A JR may be requested on any aspect of work undertaken by the Valuation Office (VOA).
In cases of local taxation, the relevant notice may be served on VOs/LOs in their statutory capacity relating to rating or assessment lists. Similarly, the VOA may be involved in a case where notice has been served on the Upper Tribunal, the Valuation Tribunals or the Rating Authority.
In tax cases, it is unusual for individual stakeholders to be directly involved, but they can be drawn into proceedings because of the assessments that have been provided to HMRC.
In work for other public sector clients, particularly right to buy cases, individual caseworkers may receive notice. There may also be implication where notice has been served on the client for whom we have provided an assessment.
A JR can follow up on a community infrastructure levy case.
These examples are not exhaustive and all stakeholders, managers, VOs, LOs and sector heads must be vigilant to identify the cases in which they may be involved.
The official documents relating to JR are unequivocal. However, formal procedures may not be followed and correspondence relating to JR may be contained in letters or emails. This is likely when a JR is initiated by a layperson, without legal representation, and proper service rules are not followed. As unlikely as it may seem, it’s not unheard of for the layman-initiated existence of J.R. to be discovered almost by accident.

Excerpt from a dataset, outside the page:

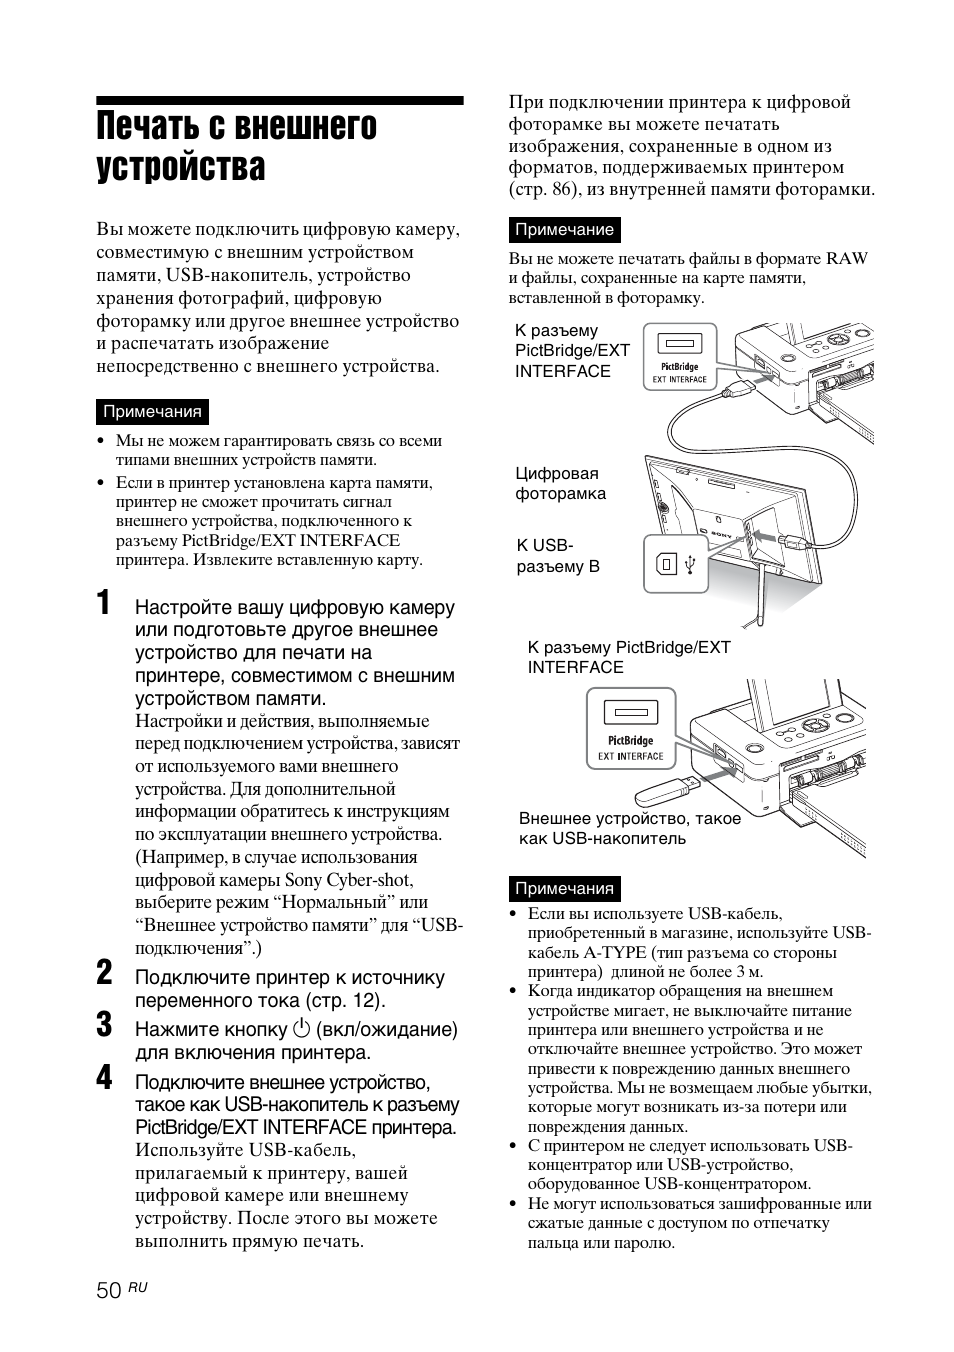 Печать с внешнего устройства, С 50 | Инструкция по эксплуатации Sony DPP-FP97 | Страница 50 / 92

Regardless of how it first comes to the attention of VOA staff, immediate action is still required upon receipt of initial JR correspondence. Receiving such correspondence signifies that the process is already underway and therefore TIME IS OF THE ESSENCE.
If anyone suspects they have received or finds correspondence that may relate to a JR, they should immediately contact the Disputes and Technical Policy team.